Sera’s gaze found his in the reflection. “That was definitely the feralis’s fault. I don’t have claws like that.”

He reached for his shirt. “Not seven in a row anyway.”

“Don’t you need to bandage it?”

“It won’t kill me.” He should be so lucky. “Let the demon earn its keep.”

She shook her head and marched back to the bathroom, returning a moment later with a soap-bubbled washcloth, a roll of gauze, and a bottle of hydrogen peroxide.

She hefted the bottle. “This is all you have for first aid supplies?”

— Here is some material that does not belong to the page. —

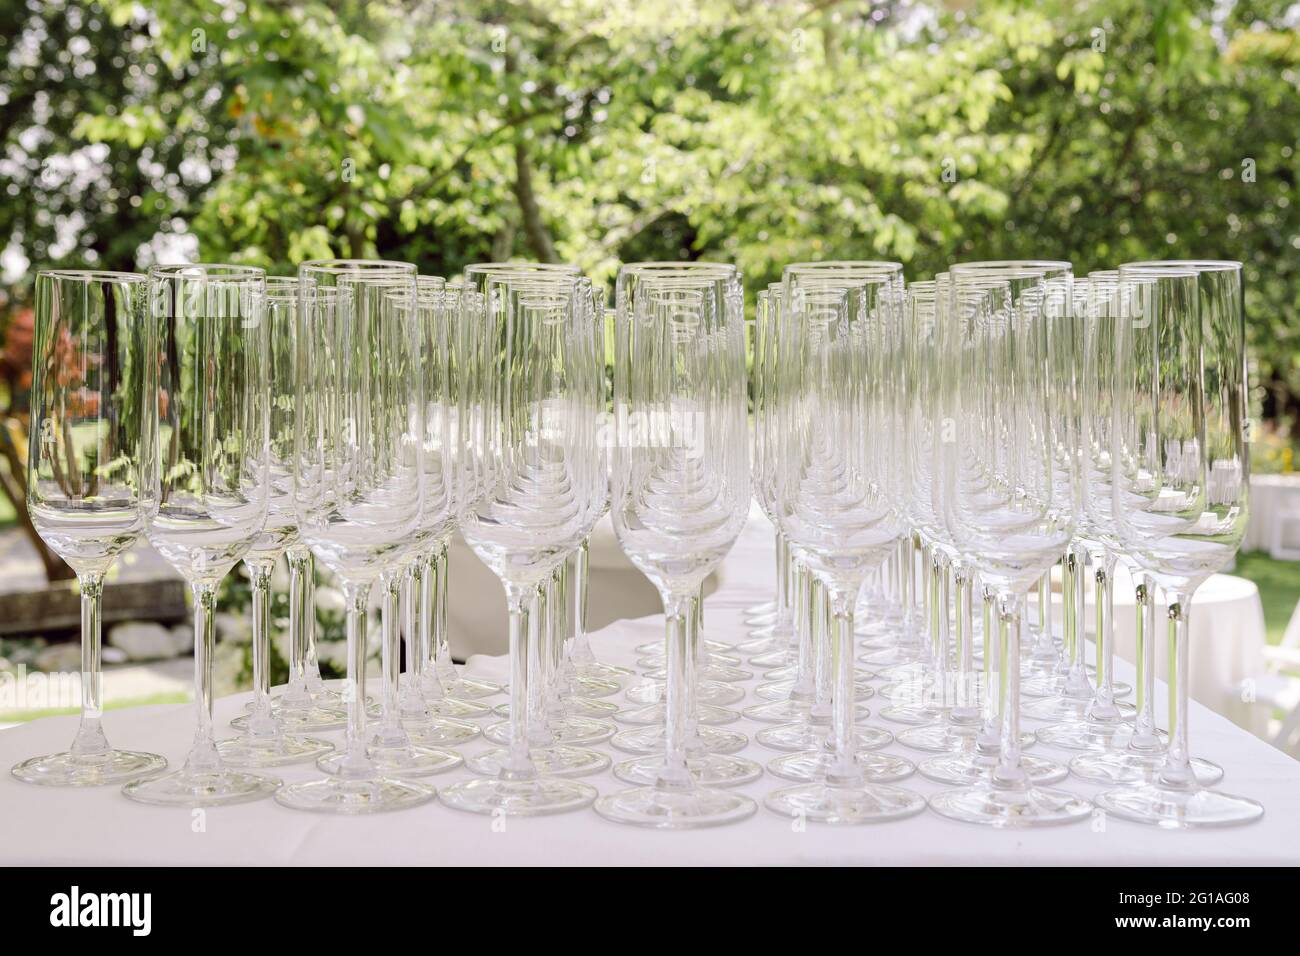 Decine di bicchieri da vino su un tavolo pronti per essere utilizzati per una festa o una festa, per un servizio di catering per matrimoni, con alberi verdi sullo sfondo Foto Stock

“I use it to soak out the worst of the stains.”

“Out of your skin?”

“Out of my clothes.” He waggled the shirt in his hand. “My dry cleaner has convinced himself I’m a butcher.” Archer started to slide into the shirt. “I guess he’s right.”

Sera plucked the shirt from his hands. “Not until you disinfect.”

He opened his mouth to tell her off, knowing the demon’s wariness of close quarters would lend its double-octave warning to keep her distance, to not distract them from its mission of atonement. But nothing came to him. He blinked. “Fine.”